Video Content Processing and Understanding    [back to top]

Spatiotemporal Visual Attention Detection

Human vision system actively seeks interesting regions in images/videos to reduce the search effort in the object detection tasks. Similarly, prominent actions in video sequences are more likely to attract human's first sight than their surrounding neighbors. In this project, we have developed a spatiotemporal video attention detection framework for detecting the attended regions that correspond to both interesting objects and actions in video sequences. Homographies are estimated between video frames and used to detect the motion saliency, and a hierarchical structure is constructed for the color-based spatial visual saliency computation.  Both temporal and saliency maps are fused in a dynamic way for the generation of the spatiotemporal visual attention model with the bias towards the temporal model.  This work has been tested on multiple sequences to highlight the target objects and/or activities.



Semantic Linkage of News Stories

In this project, we have developed a novel framework for the semantic linking of the news topics. Unlike the conventional video content linking methods based only on the video shots, the proposed framework links the news stories across different sources. The semantic linkage between the news stories is computed based on their visual and textual similarities. The visual similarity is carried on both of the story key-frames with or without faces detected. The textual similarity is computed using the automatic speech recognition (ASR) output of the video sequences. The output of the story linking method can be applied to compute the ranking or interestingness of a news story. The developed method has been tested on a large open-benchmark dataset from TRECVID 2003 by NIST, and very satisfactory results for both of the proposed tasks have been obtained.

Yun Zhai and Mubarak Shah, "Tracking News Stories Across Different Sources", ACM Multimedia 2005, Singapore, November 6-12.



Movie Scene Classification Using Finite State Machines

Among many genres of video production, feature films are a vital field for the application of such tools. Feature films are produced in accordance with the “film grammars”, which is a set of rules of how the films should be generated to reveal the story lines. In this work, we utilized the knowledge of film grammars, and modeled the movie scenes using the Finite State Machines. Three scene categories are modeled, action, dialog and suspense scenes. This method analyses the structural information of the scenes based on the low-level and mid-level features. The presented framework has demonstrated the usefulness of FSM by experimenting on over 80 movie scenes and has achieved high accuracy scores, including recall and precision scales.  

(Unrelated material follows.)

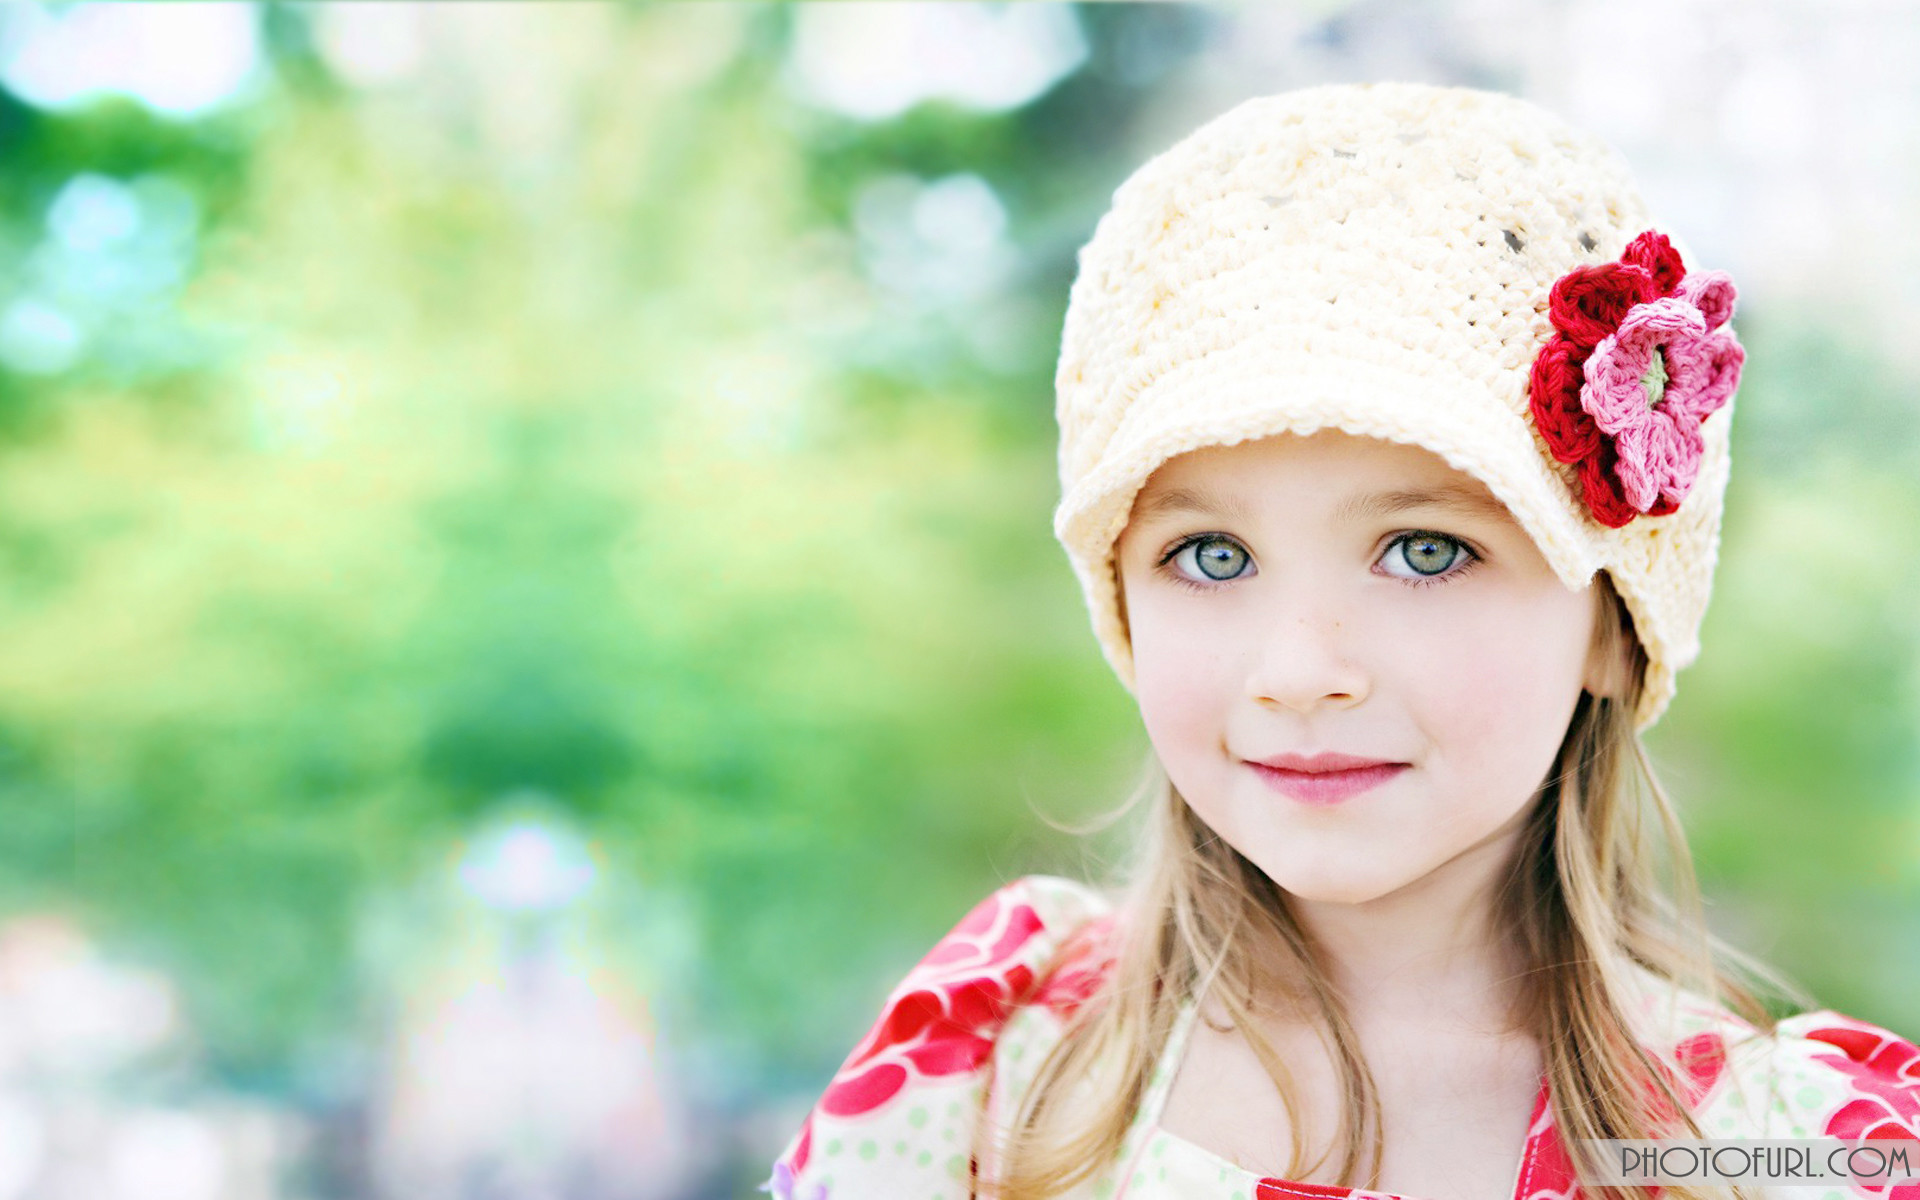 cbbb9f27c64 1920x1200 17 Best ideas about Cute Baby Girl Wallpaper on Pinterest
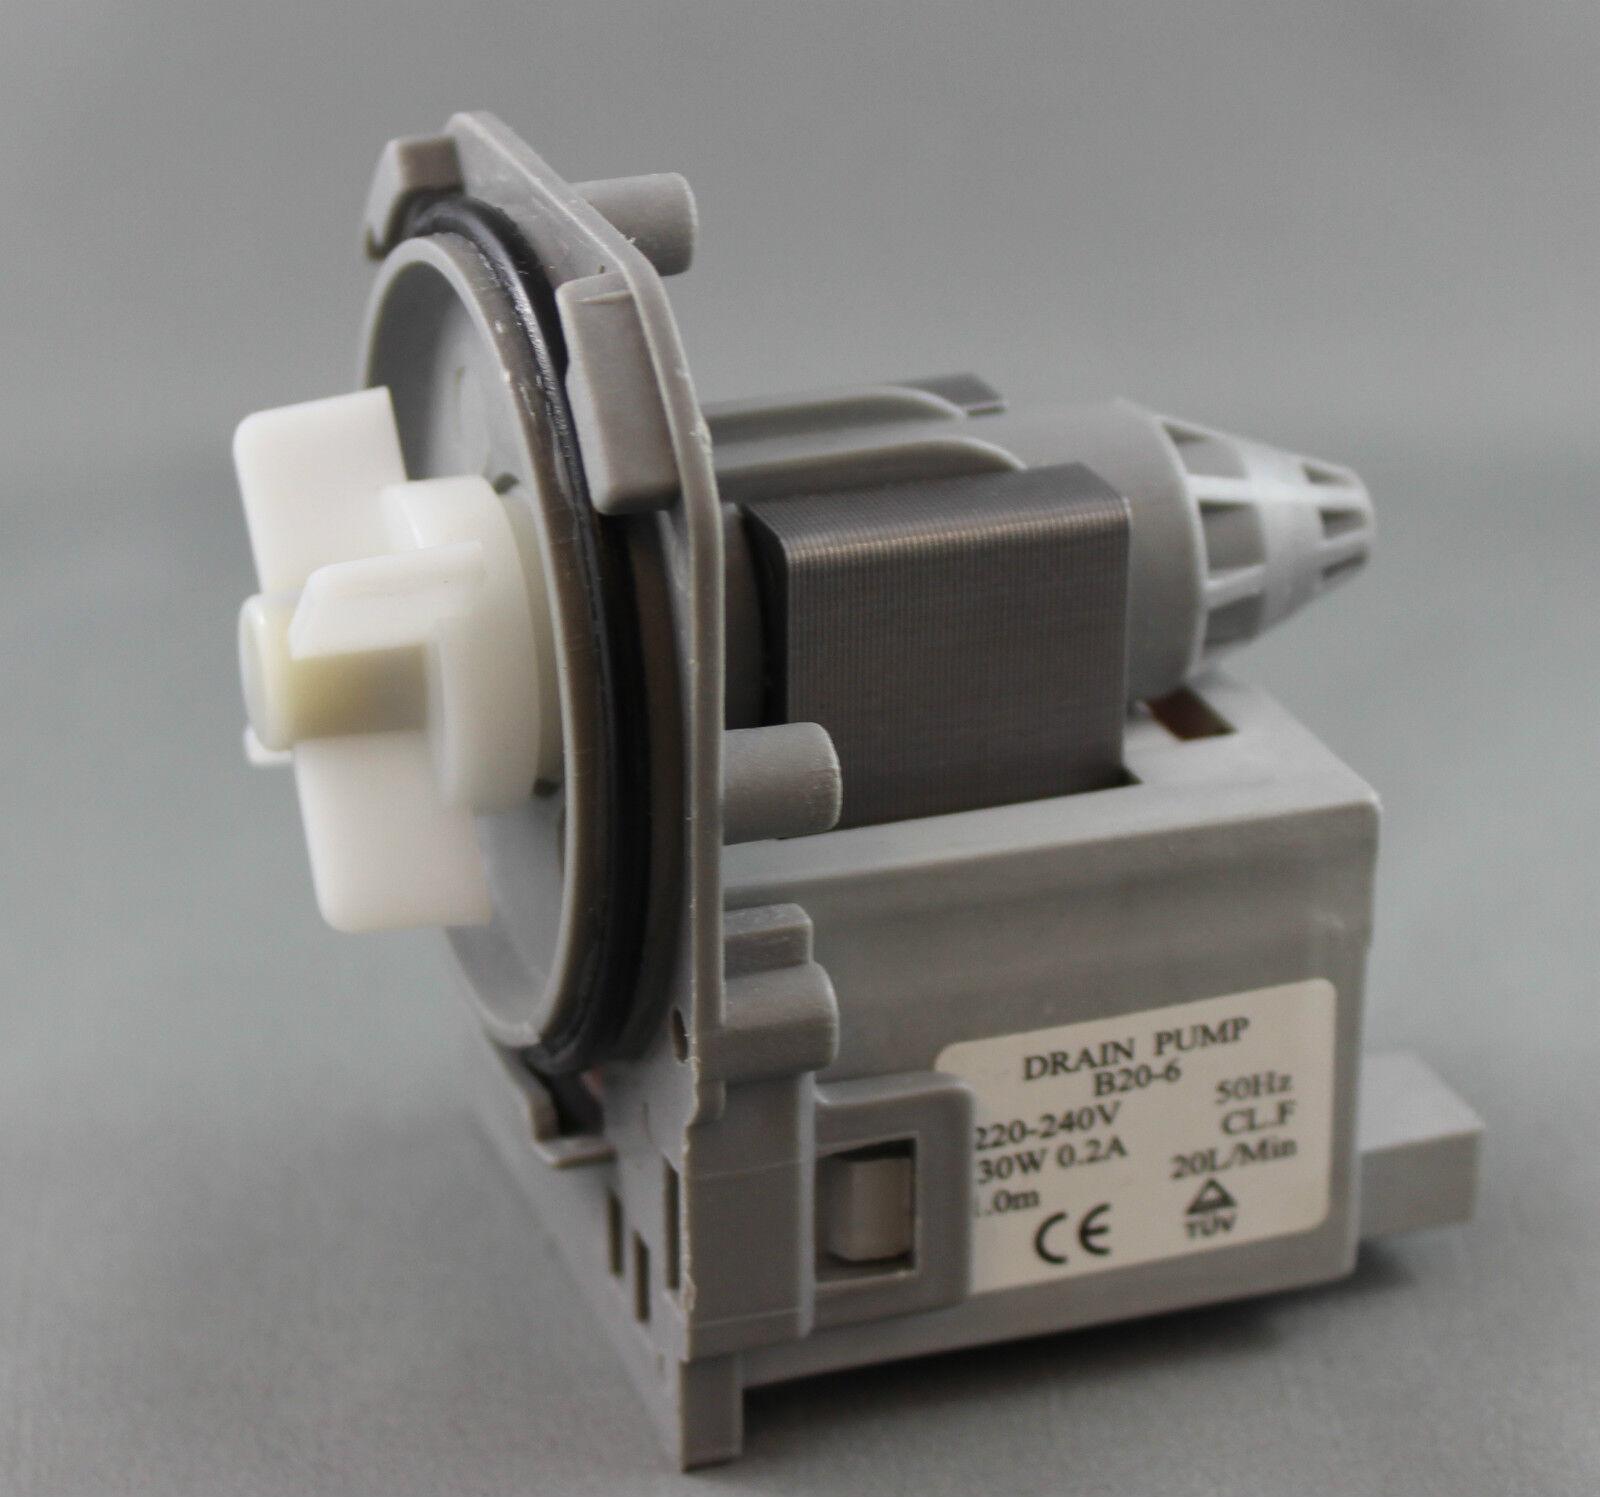 Genuine Electrolux Washing Machine Drain Pump EWF1083 EWF1074 EWF12821 type M144

Content-Based Image/Video Retrieval    [back to top]

Relevance Feedback Using Keyword
and Region-Based Refinement

In this project, we have developed an on-line content-based video retrieval system, PEGASUS. It retrieves relevant video shots from news database according to user queries. The developed system indexes the video data using speech (using ASR) and images (key-frame regions) features. In addition, this system provides a relevant feedback mechanism based on query expansion and region-based image matching to allow users to refine their search results through an iterative process. The PEGASUS system has been constructed using more than 43,000 video shots of news programs. This system can be accessible from the internet at the address of



TREC Video Retrieval Forum

TRECVID is an annual research forum organized by the US National Institute of Standards and Technologies (NIST). It encourages the research in the classification, searching and retrieval of news video data, and provides a worldwide communication platform for researchers to share their thoughts. We, UCF vision team, have participated in the tasks of shot boundary detection, news story segmentation, camera motion classification, high-level semantic concept detection, interactive topic search and TV rushes exploitation. I was personally deeply involved in all the tasks except the high-level feature detection. We have achieved top performance in the feature “beach” detection and story segmentation tasks.